The other problem: Chinese mitten crabs live in freshwater, spawn in saltwater and are prolific diggers — and not in the cool 1960s theater troupe kind of way. Which means they like to travel and can wreck everything in their path, including flood-controlling levees and riverbanks. They’ve also been known to disrupt fish migrations, mess with the natural food chain and destroy commercial fishing nets willy-nilly, like the octopedal anarchists that they are.

In an effort to keep the homeland (and our estuaries) safe, Chinese mitten crabs have been banned from U.S. fish markets since 1986. Hailing from East Asia, they keep showing up on the West Coast likely due to shipping activities and/or smugglers filling a very niche demand. (The Examiner reported in 1998 that, for some, the crab’s “ovaries are believed to provide magical powers after being consumed.”)

By the time the millennium rolled around, Bay Area and Central Valley officials were engaged in an all-out effort to control the Chinese mitten crab population.

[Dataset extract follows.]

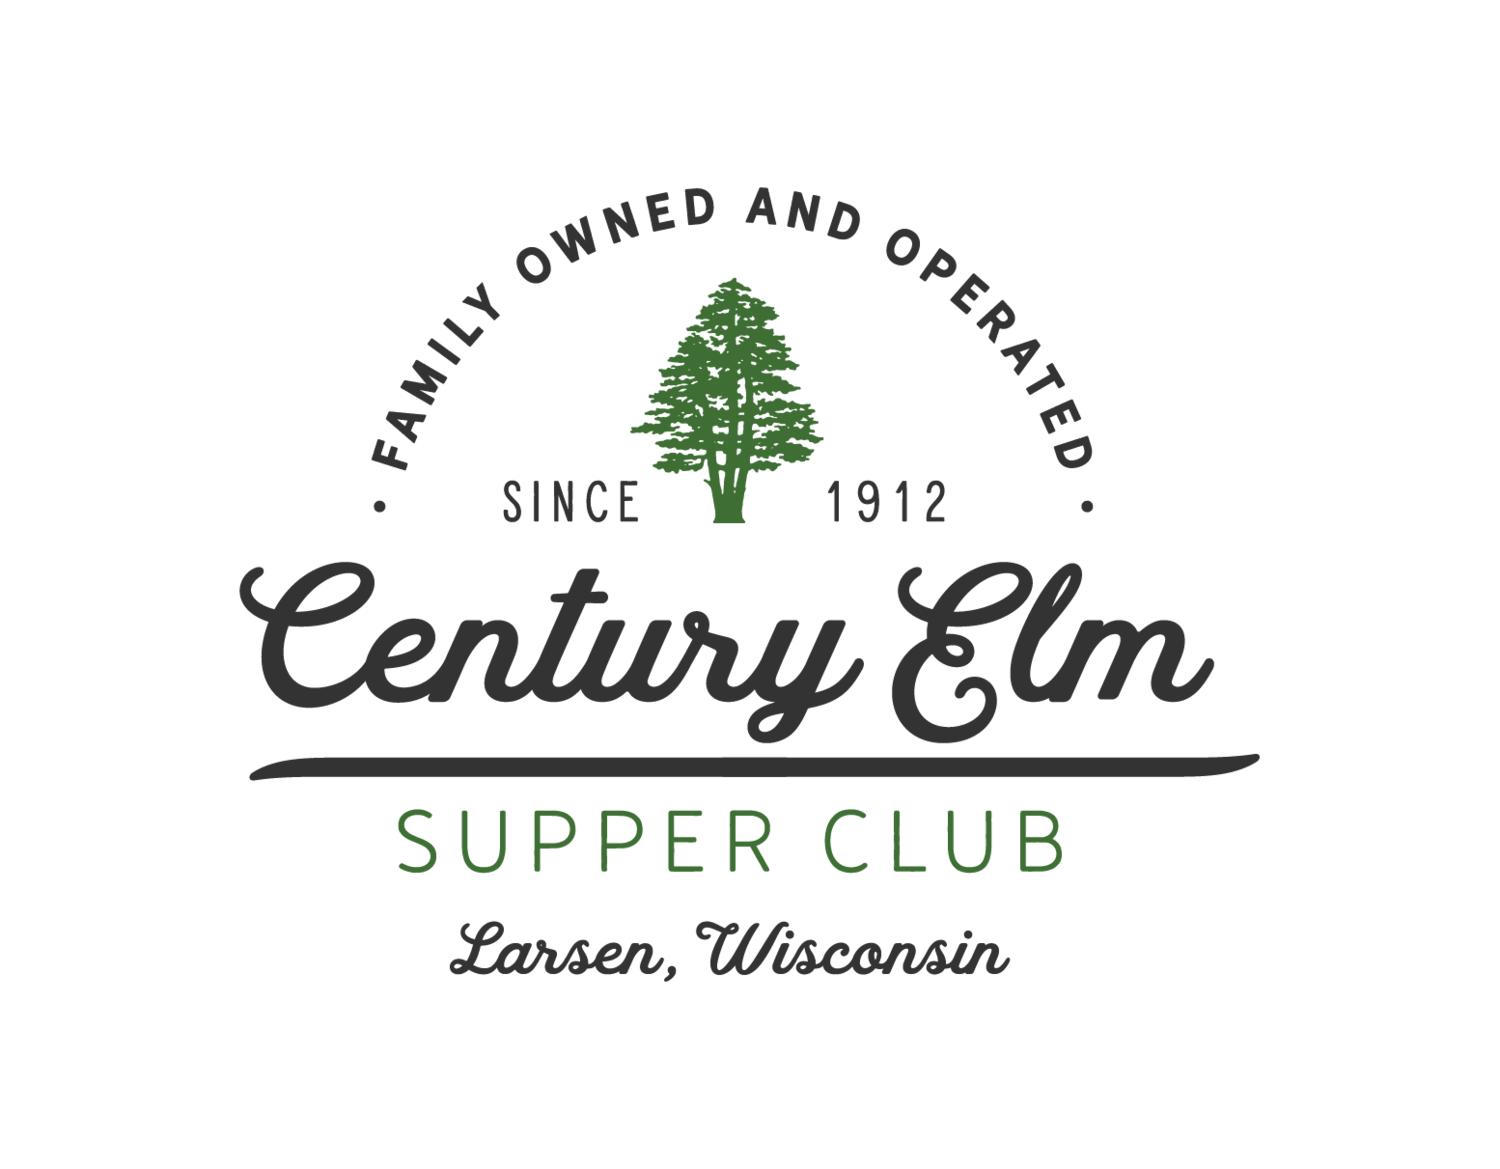 Century Elm Supper Club

By far the most surreal method was to stop the crabs in their tracks via a contraption nicknamed “Crabzilla.” The 18-foot-high rotating screen was so effective, it successfully restored the Bay’s waters to natural order. The captured crabs, approximately one million of them, were then ground up and turned into literal fertilizer. (Spongebob Squarepants this is not.)

According to the U.S. Geological Survey, Chinese mitten crabs have been a rarity in the Bay since 2012. May a new Crabzilla keep their mittens from our shores.